Projectors are a convenient technology for displaying content on large, abnormal, or temporary surfaces where mounting other forms of light emitting devices is too impractical or too expensive. Common uses of projectors include movie cinemas, concert halls, 3D model colourization, planetariums, etc. Many of these applications require multiple projectors to either cover the entire display surface, like planetariums, or to achieve the require brightness, like outdoor projection.
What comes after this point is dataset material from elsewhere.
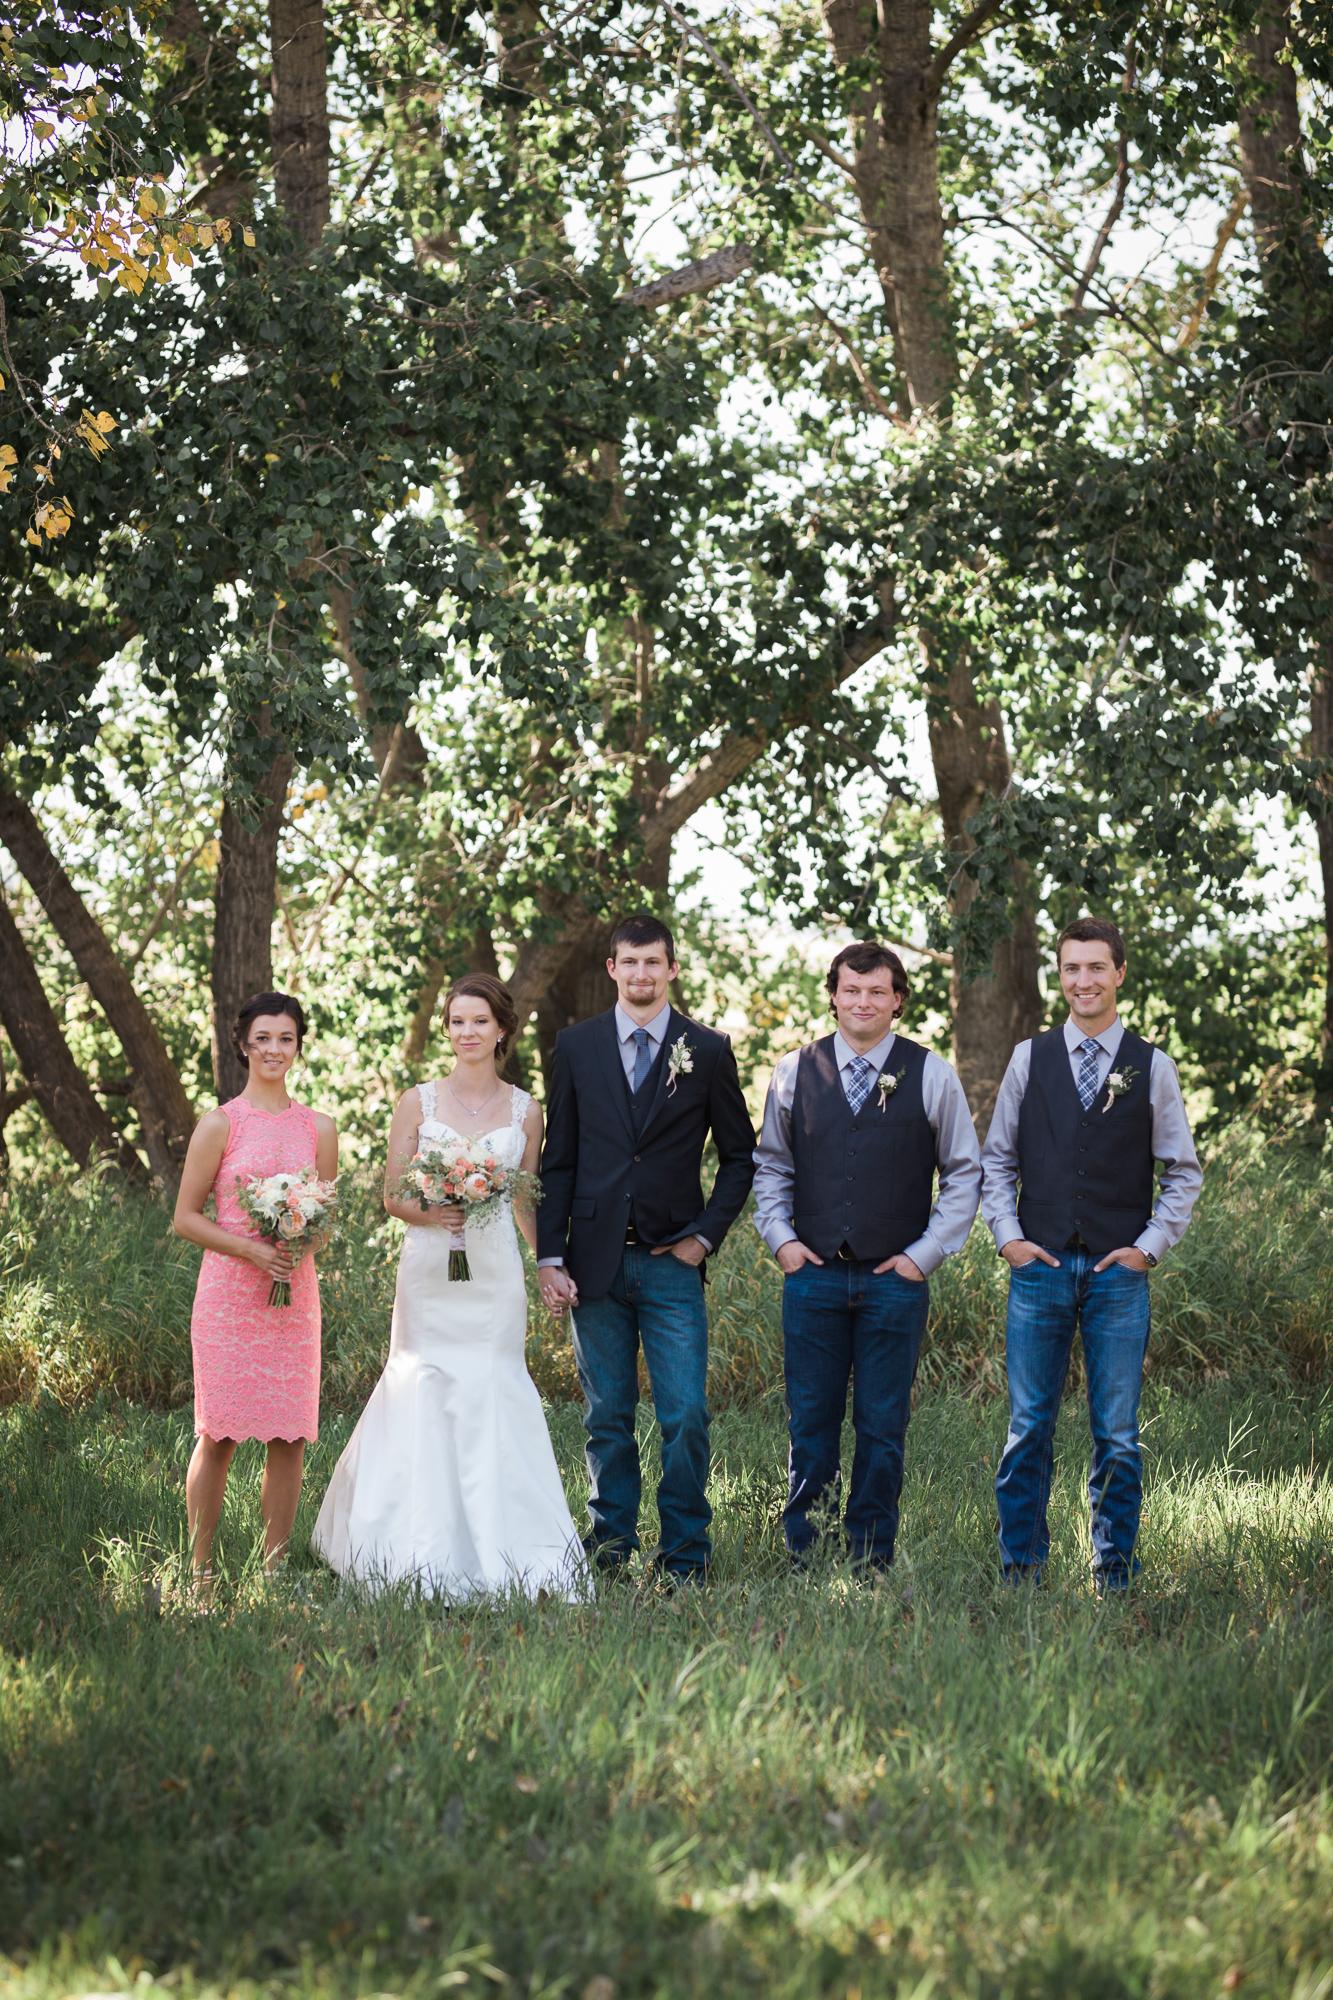 Deanna-Rachel-Photography-calgary-Wedding-photographer-jm-35.jpg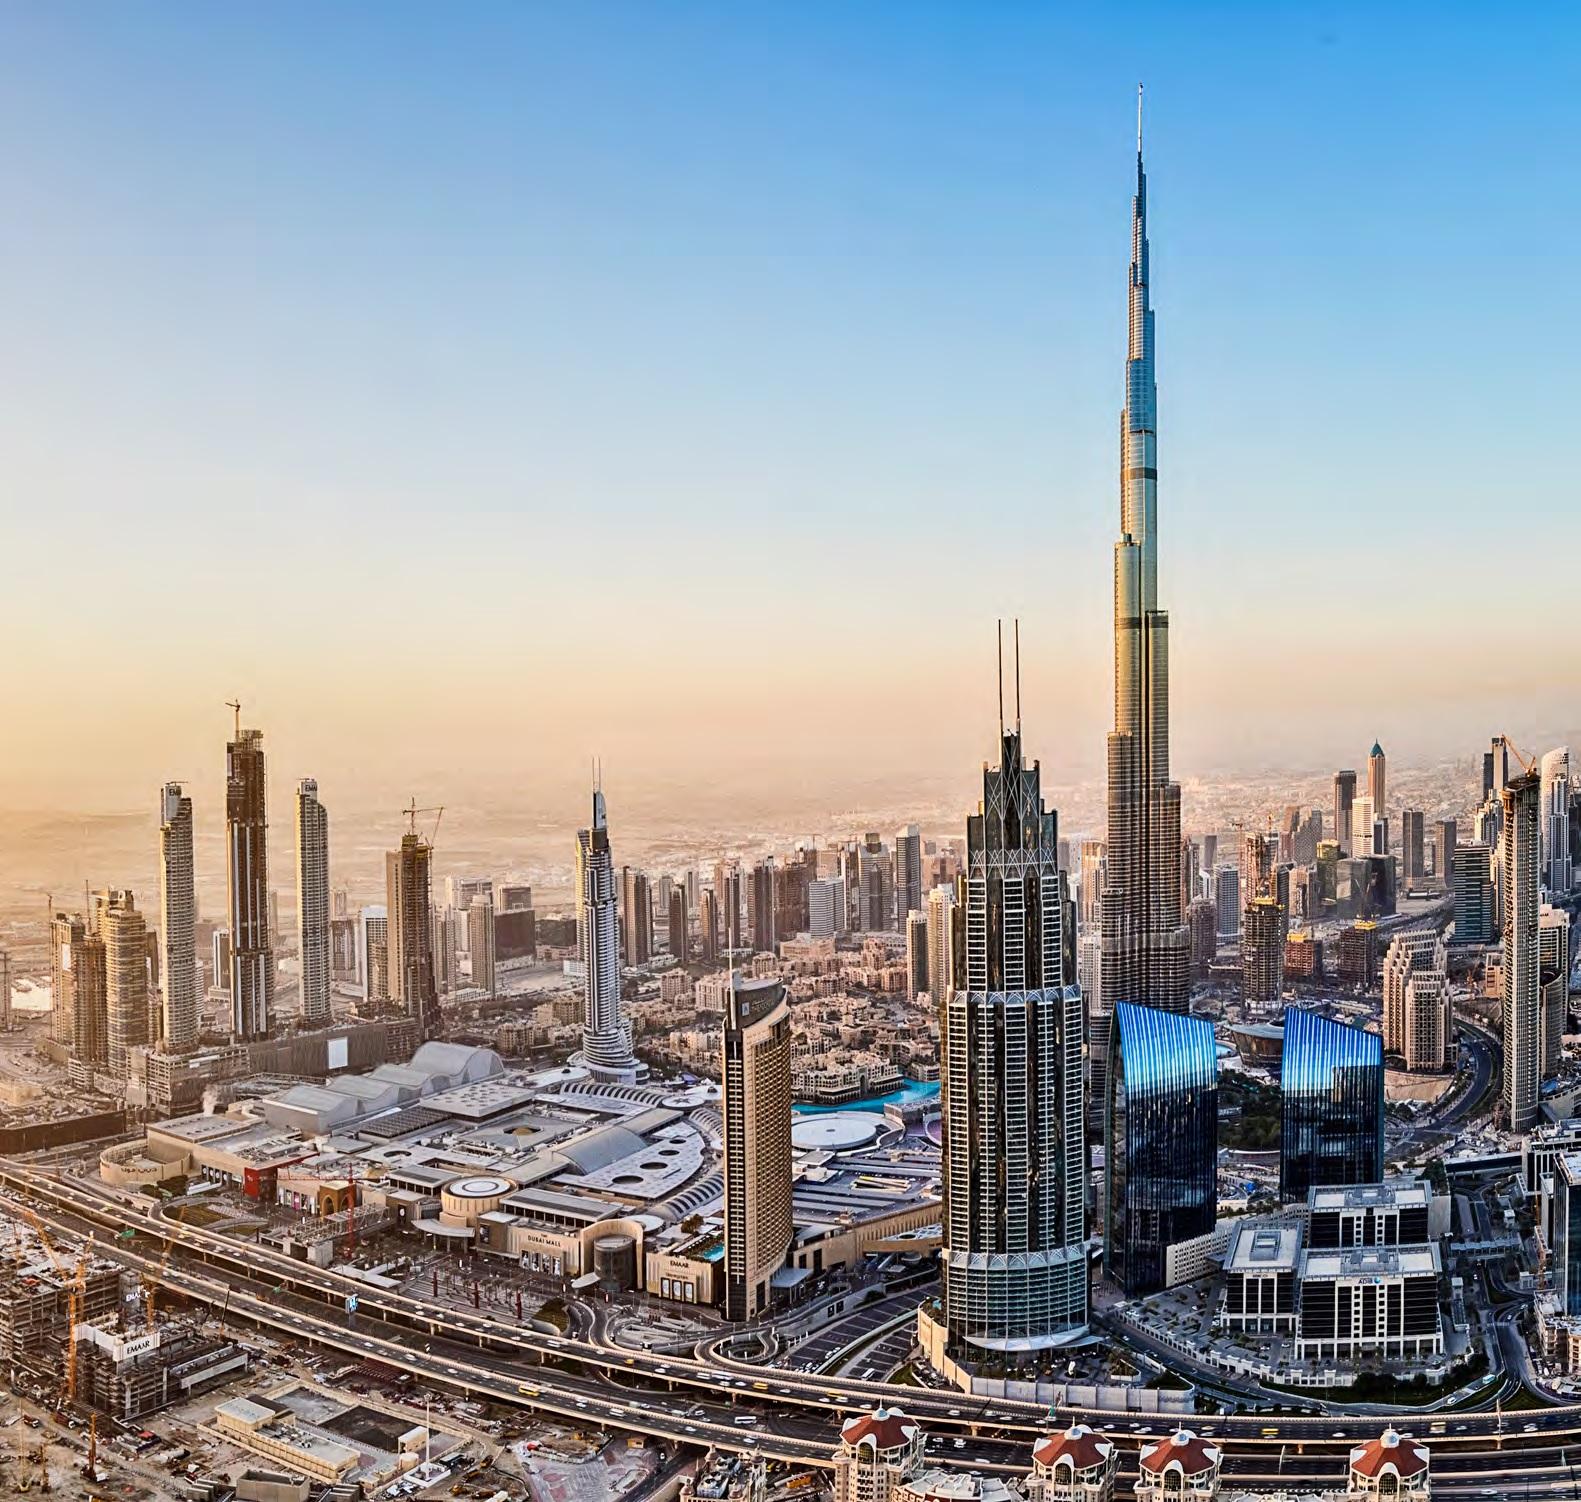 THE MOST PRESTIGIOUS 2 SQ KM IN DUBAI

Aligning the content between projectors is typically required to ensure that overlapping regions between projectors display the same content. Naive approaches of aligning content treat the relationship between the content and a projector independently of all other projectors in the configuration. Aligning content can limit the quality of the superimposed image as high frequency signals are often degraded during the alignment process. Previous works have shown it is possible to improve the perceptual quality of the aligned content by giving each content-to-projector transformation prior knowledge of all projectors in the configuration. However, these works either make theoretical assumptions, require special hardware, severely limit the types of applications their systems work on, or only use qualitative analysis to evaluate their system's performance.

In this work, a framework capable of simulating a multi-projector configuration for any number of projectors on a flat surface is proposed. A method of comparing the ideal content with the projected content is developed using the proposed simulation in conjunction with an existing image comparison technique. Different system setups are tested for a two projector configuration. The quality of each configuration is measured using the developed comparison metric across a dataset of natural images. Finally, the proposed framework is used to train three different models, in an end-to-end fashion, that are capable of improving the perceptual quality of the superimposed image.

The first two models are parametric and content independent, while the third model is non-parametric and content dependent. The first model directly integrates with existing interpolation methods used during the content-to-projector alignment. The second model applies a post transformation filtering operation using a set of learned linear convolutional kernels. The third model directly optimizes the projected images to improve the perceptual quality of the superimposed image.